Although this is Mundane Monday, I must admit that I welcome a slow and non-intrusive day and I can use the rest. I went to AREA 51 at Lakes Cafe on Friday evening and the joint was jumping when I arrived. My pal and karaoke show emcee, Gipsy, was going strong and there were a lot of participants in the karaoke show.
I met with my friends Emilio, Hector and Lourdes, Dr. Mark and Rosie and some of the other regulars, including owner Richard and his wife Sharon, all members of the normal Friday night crowd. My advisor for the evening was Mr. Dewars, a Scotsman of impeccable character and clarity and after the first cocktail, I mellowed right out and enjoyed the show.
I ended up singing "Georgia On My Mind" after encouragement by Mr. Dewars and we all had a nice time. I arrived home around 2:00, which by my latest standards, was a reasonable hour.
Danica Patrick Wins Indy Japan 300: Congratulations to Danica Patrick, who won the IndyCar race at Montegi, Japan Sunday, becoming the first woman to win in the history of the series. Patrick's win came in her 50th career start.
The Cats Ass Trophy: There were three nominees for the CAT Award last week, namely;
Alfred E. Neuman, actually nominated by Linda for the presidency, but by definition and default, a nominee for the CAT award. You might ask, how did I arrive at this theorem? Easy ! President = Bush = CAT Award nominee.
OPEC, nominated by Garnett, when oil prices reached $117 a barrel on Friday. OPEC cannot ever be a CAT Award nominee, because rule 112.6a in the CAT Award rules, state that any prospective nominee that can be nominated 24/7/365 is not worthy of the Award. It is tantamount to nominating feces (caca, for the hard of understanding). Therefore, OPEC is disqualified.
The Men of the Texas Polygamist Sect, nominated by myself. The perverts who brainwash, mistreat and marry the women of their sect, a number of whom were under aged.

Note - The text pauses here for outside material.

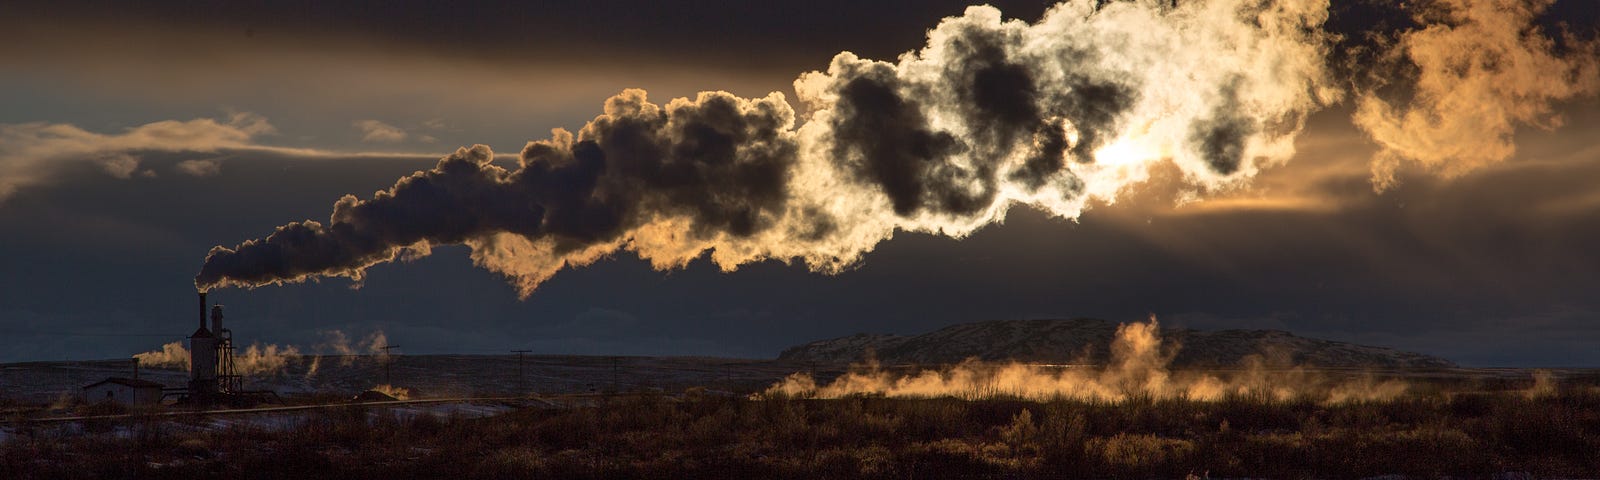 A factory exhaust pipe emits smoke over the land. The sun peers through the clouds of smoke.

All things weighed and sorted, the winner of the CAT Award is the male members of the Texas Polygamist Sect. Good work guys ! The next time we thin the proverbial herd, you'll be on the list.
The Pictures: Can a kitten and a parakeet have a friendly relationship? Apparently so, and my pal, Anne sent me the pictures to prove it. Although the kitten may just be preping his future dinner, they seem to be pretty good buddies. These are one of those "awww" moments.
This Date In History: 1836; Shouting, "Remember the Alamo," General Sam Houston and his army of Texans defeat Mexican forces in the Battle of San Jacinto, winning independence for Texas. 1910; Mark Twain, author of the American classics "The Adventures of Tom Sawyer" and "The Adventures of Huckleberry Finn," dies. 1918; Germany's World War I flying ace Manfred von Richthofen, the notorious Red Baron, is shot down behind enemy lines. 1960; Three years after construction of Brasilia began, the city replaces the crowded Rio de Janeiro as the capital of Brazil.
Birthdays: Friedrick Froebel, German educator and the originator of the kindergarten, founding the first school in Germany(1782), John Muir, naturalist, explorer and writer (1838), Elizabeth II, queen of Great Britain and Northern Ireland (1926), Iggy Pop, singer and songwriter (1947).
The Hits Just Keep On Coming: The
Three women, one engaged, one a mistress, and one married, are chatting about their relationships and decide to surprise their men. That night, all three will wear a S&M leather bodice, stilettos and masks over their eyes. A few days later they met again.
The engaged girlfriend said, "The other night, when my boyfriend came home, he found me in the leather bodice, four inch stilettos and the mask. He said, 'You are the woman of my life' and then we made love all night long."
The mistress said, "It was fantastic, I wore the leather bodice, mega stilettos, the mask over my eyes and a robe. When I opened the robe, he didn't sat a word. We just had wild sex all night."
The married woman then said, "The other night I sent the kids to stay at my mother's house for the night. I put on the leather bodice, knee high stiletto boots and wore the dark mask over myeyes. My husband came home from work, grabbed a beer from the refrigerator and the remote control and said, 'Hey Batman, what's for dinner?' "
The scene is the darkest jungle in Africa. Two tigers are stalking through the jungle when the one in the rear suddenly reaches out with his tongue and licks the butt of the one in front. The lead tiger turns and says, "Hey, cut it out." The other tiger says sorry and they continue on their way.
After about five minutes, the rear tiger suddenly repeats his action. The front tiger turns angrily and says, "What is it with you? I said don't do that again!" The rear tiger says, "I'm really sorry but I just ate a lawyer and I'm trying to get the taste out of my mouth."
That's it for today my little flapjacks. More tomorrow.